Both companies have a common origin. Beginning in 1945, four men, A. T. Gibbs, Charles L. Peters, W. E. Lawson and Ivan T. Spratt, who had all previously worked for Gates Rubber Company in Denver, Colorado, established various tire and automo[919]*919tive equipment businesses in Cheyenne and Laramie, Wyoming.

Appellee’s predecessor in interest, Plains Motors, Inc., was located in Cheyenne and incorporated in the State of Wyoming in 1950. In 1952 Plains Motors was consolidated with another preexisting business, A to Z Tire Company, which was also located in Cheyenne, Wyoming. After the consolidation, the corporate name was changed to Plains A to Z Tire Company, Inc. In 1966 Melvin E. Lenhardt, who is presently president and principal stockholder of the business, purchased Plains A to Z Tire Company, Inc.

Until 1971 Plains A to Z Tire Company’s trading area consisted solely of Cheyenne, Wyoming. Since that time, appellee has expanded its trading area with branch stores in Wheatland and Laramie, Wyoming. Appellee also opened a branch store in Scottsbluff, Nebraska that was no longer in operation at the time of trial. Before Plains A to Z Tire Company opened its branch store in Laramie in January of 1978, it began sending a salesman to Laramie in September of 1971. The salesman primarily solicited commercial accounts. During this time appellee also ran an advertisement in the yellow pages of the Laramie phone book listing its Cheyenne address and phone number. During this period, Lenhardt indicated that he began looking for a building to house a branch store in Laramie. Len-hardt indicated that

“... we noticed the market potential [in Laramie] was much greater after Mr. Stratch came to work for me back in ’74 or ’75, I’m not sure of the year, and due to the fact that Mr. Stratch knew all of these accounts over here.”

Before Stratch began working for Len-hardt, he was part owner of Wytox Service Center, located in Laramie. Wytox Service Center engages in essentially the same enterprise as the parties to this appeal. Stratch sold his interest in Wytox Service Center before he came to work for Len-hardt. The sales contract included a covenant preventing Stratch from competing with a Mr. McKinney, the purchaser of Wy-tox. The right to enforce the covenant was litigated and the trial court held in favor of Mr. McKinney. However, as Lenhardt testified,

“... shortly after the decision was handed down, Mr. McKinney then sold Wytox Service Center and upon Mr. McKinney’s selling Wytox Service Center he then got a hold [sic] of Mr. Neil Stratch and asked him if he would be willing to pay a sum of money to declare that contract void and Mr. Stratch and Mr. McKinney worked out some type of arrangement as far as a cash settlement.”

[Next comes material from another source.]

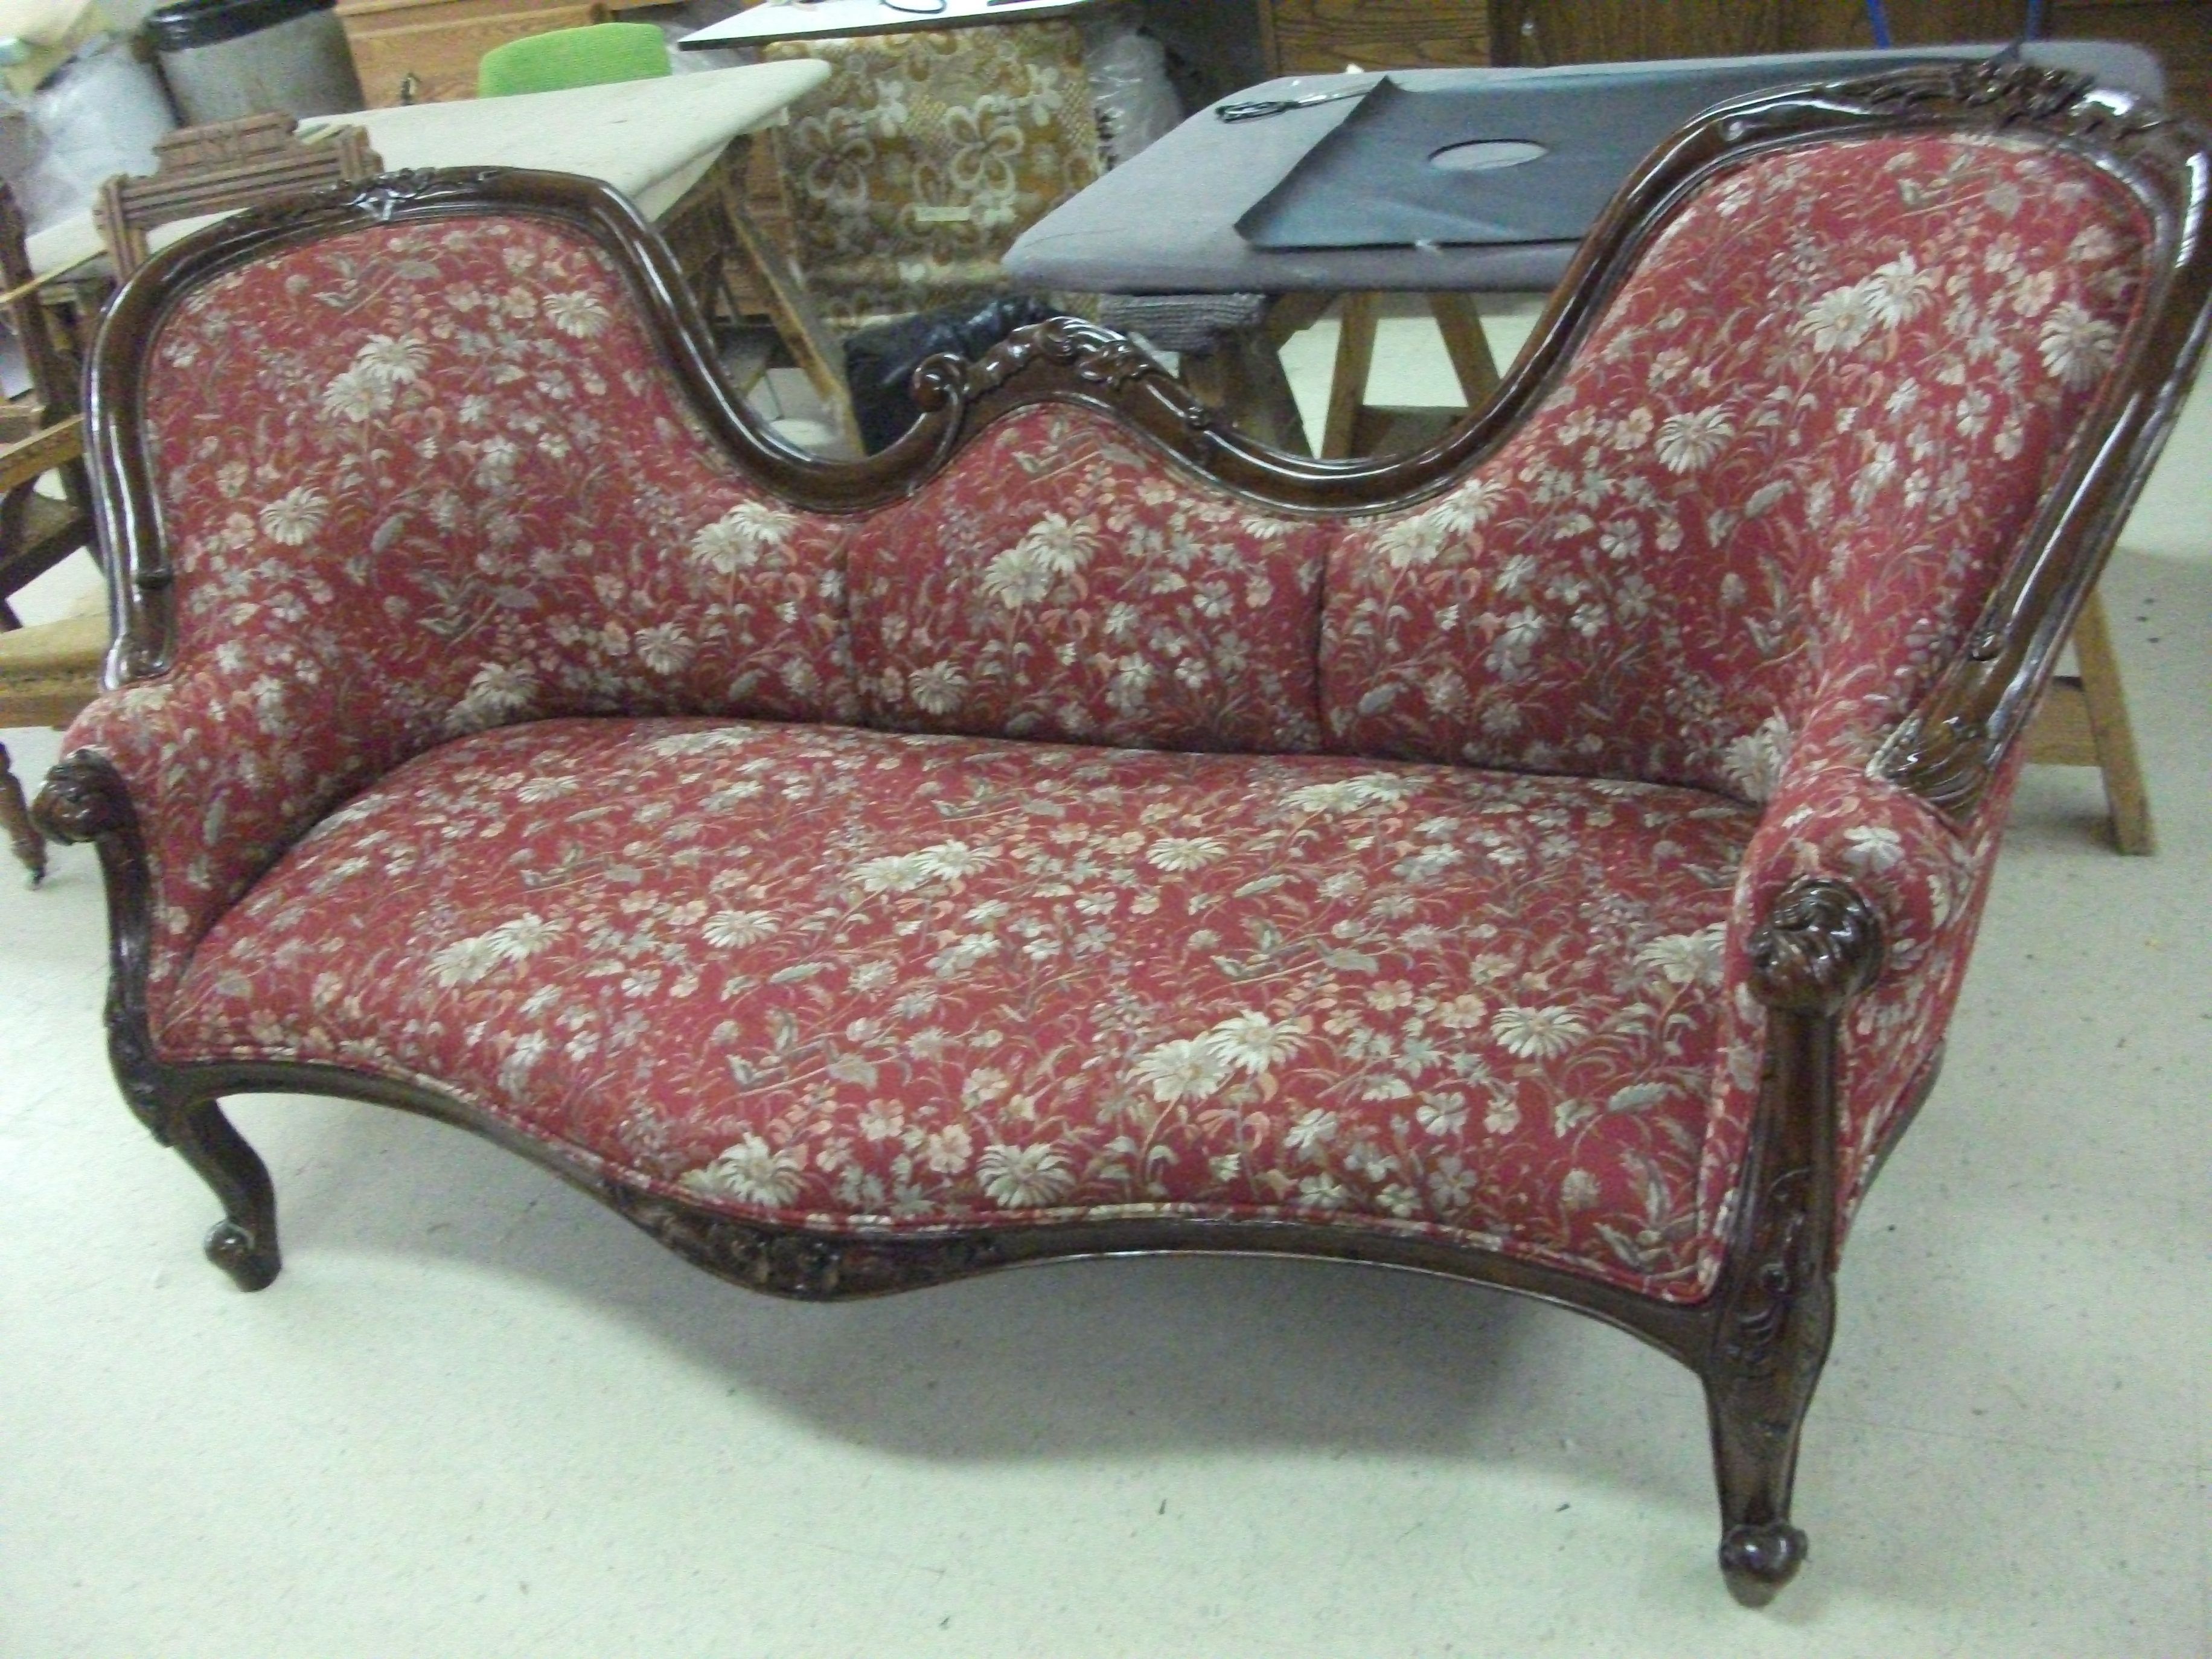 Restore Restores Your Antique Furniture or Any Upholstery.
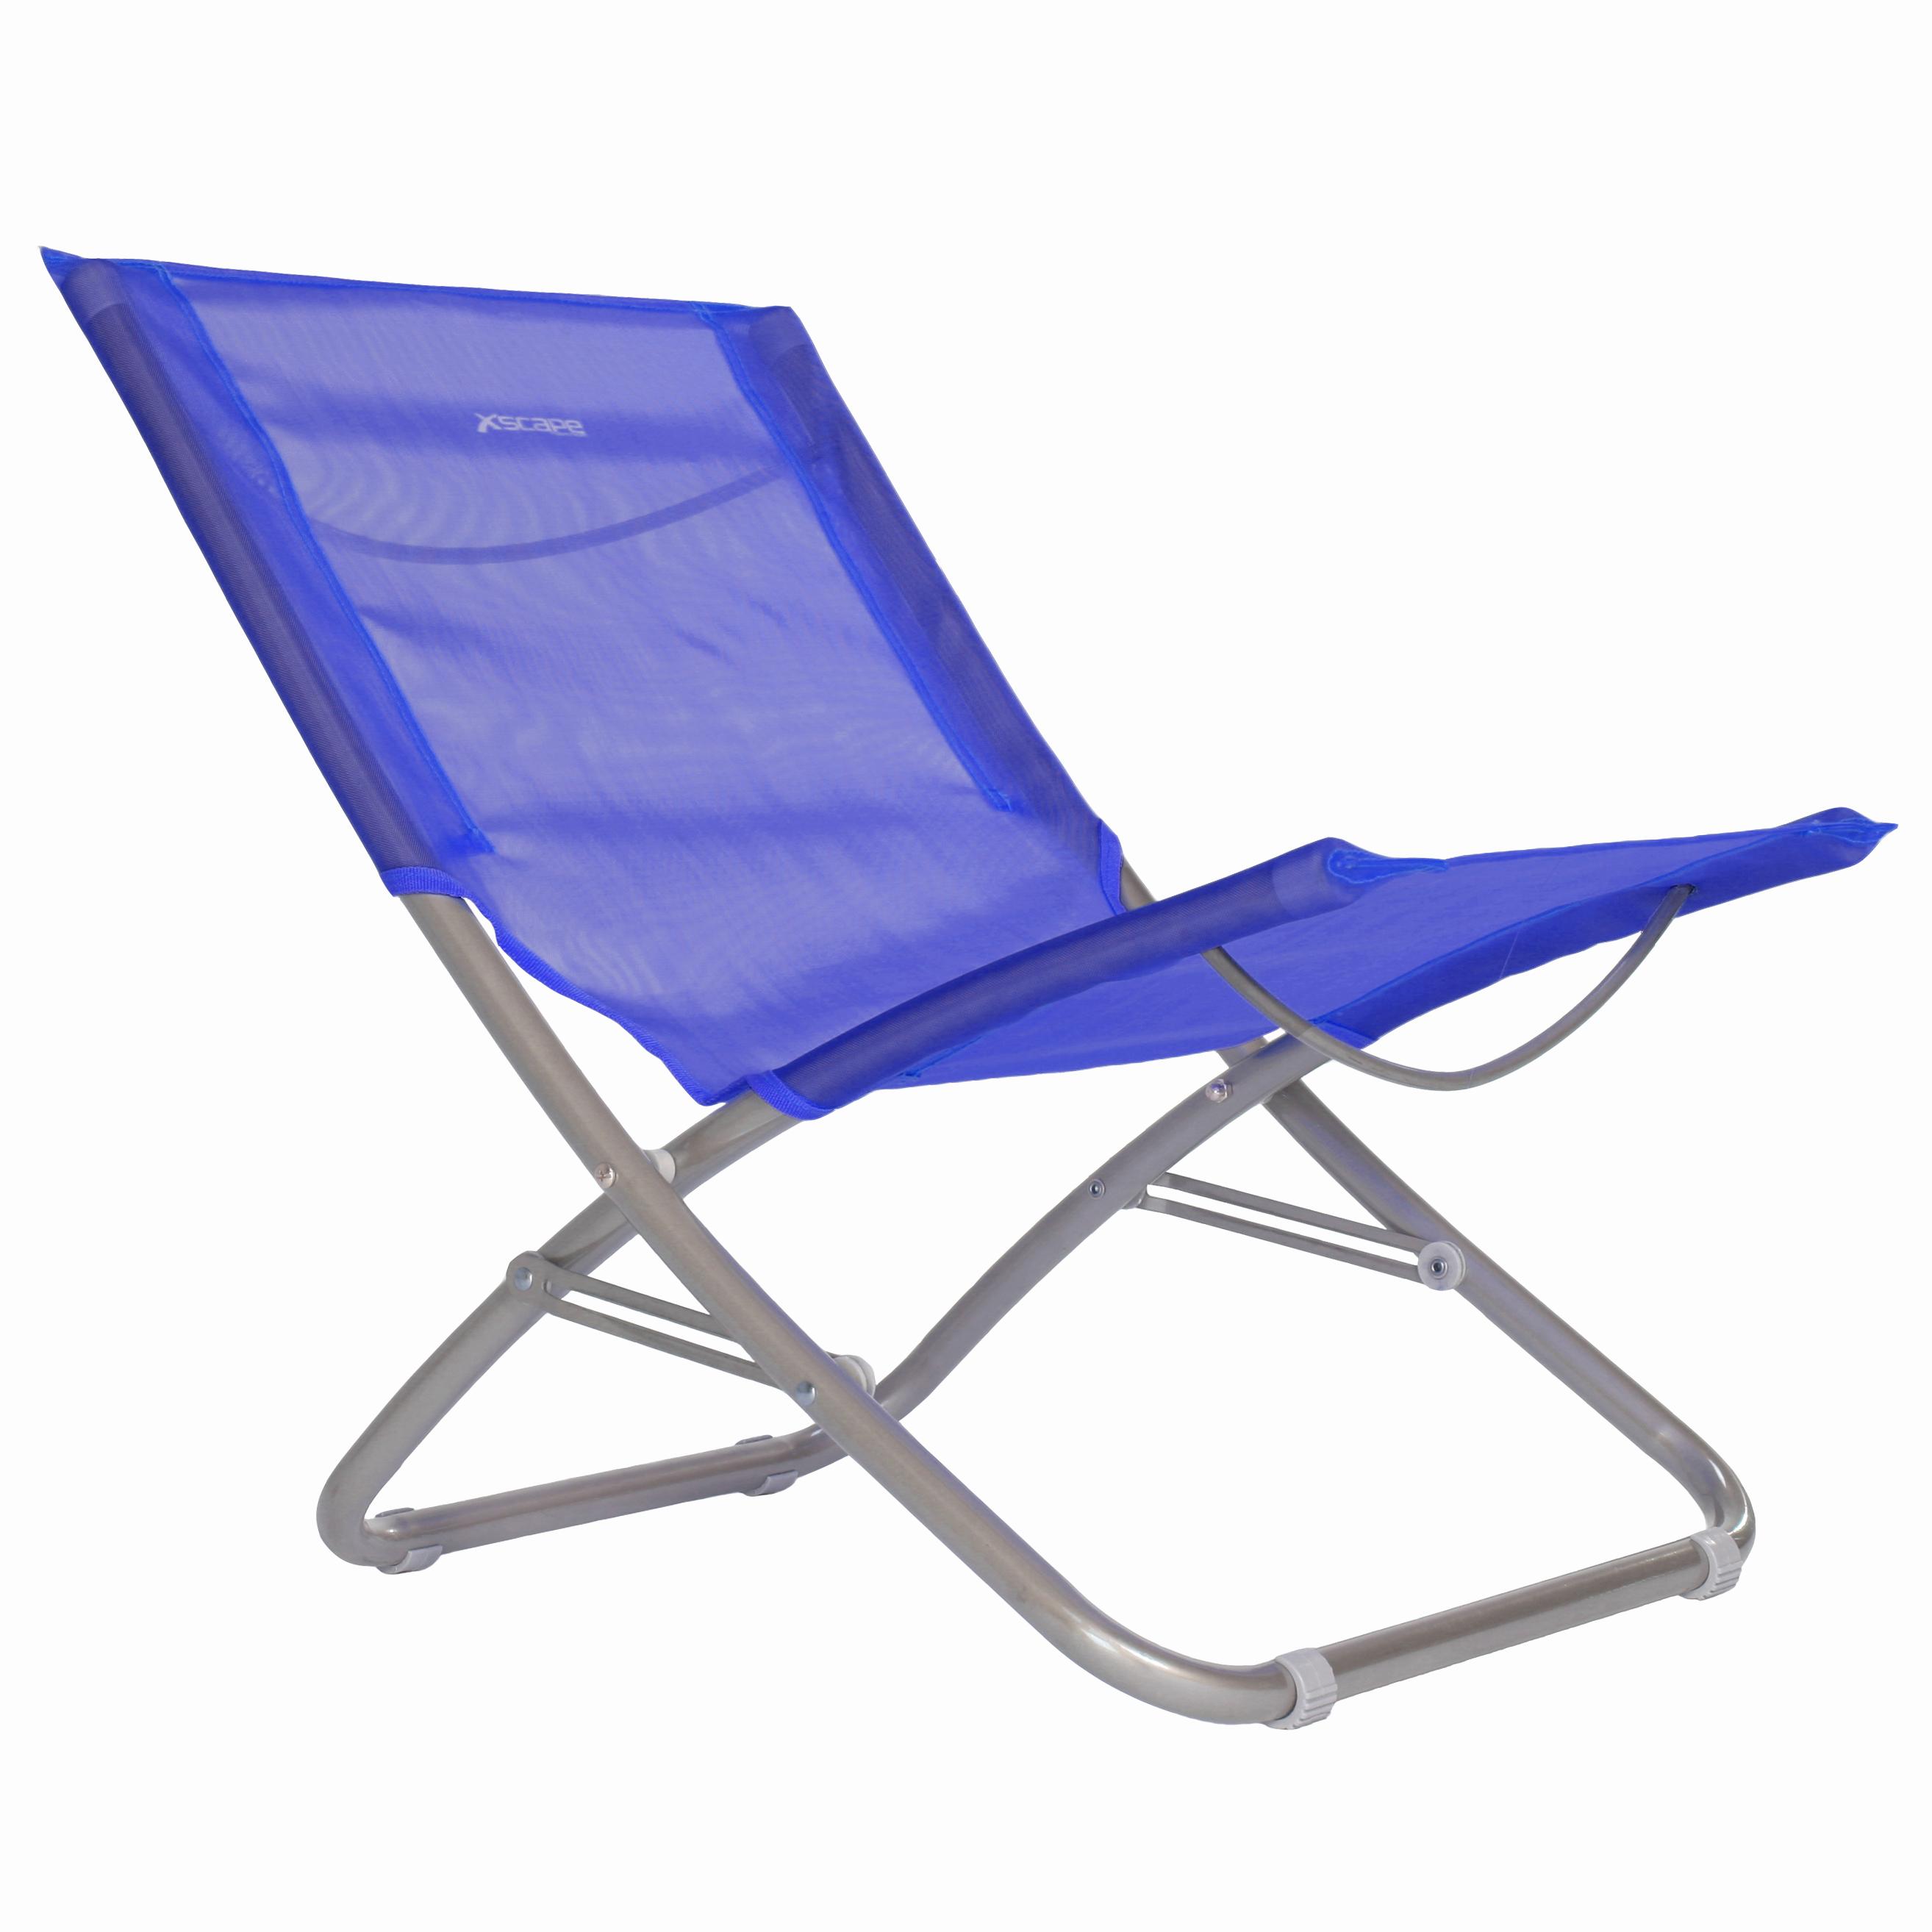 Free Beach Chair Download Free Beach Chair Png Images Free Cliparts On Clipart Library

During the time that appellee’s predecessors in interest were being established in Cheyenne, appellant’s predecessor in interest was being established in Laramie. Appellant’s predecessor in interest, Plains Tire and Battery Company No. 2, Inc., was established in December of 1945 and was incorporated the next year. In 1947, the original owners of this business sold it to Vernon Wilkinson and Sy Gerstner. A certificate of dissolution was filed in 1951 and, thereafter, the business continued to operate as a partnership under the name Plains Tire and Battery Company, until the death of Mr. Wilkinson in 1976. After his partner’s death, Gerstner operated the business until 1977 when he sold Plains Tire and Battery Company to Larry C. Nicholls, Vickie Nicholls and Carl E. Malouf. The business was once again incorporated in 1977.

The trading area has basically remained the same from the time Wilkinson and Gerstner purchased the business until the present. The trading area includes all of Albany County, Hanna, Arlington, Medicine Bow and Rock River, Wyoming, and Walden, Colorado. The new owners of Plains Tire and Battery Company have also opened a branch store in Rock Springs, Wyoming.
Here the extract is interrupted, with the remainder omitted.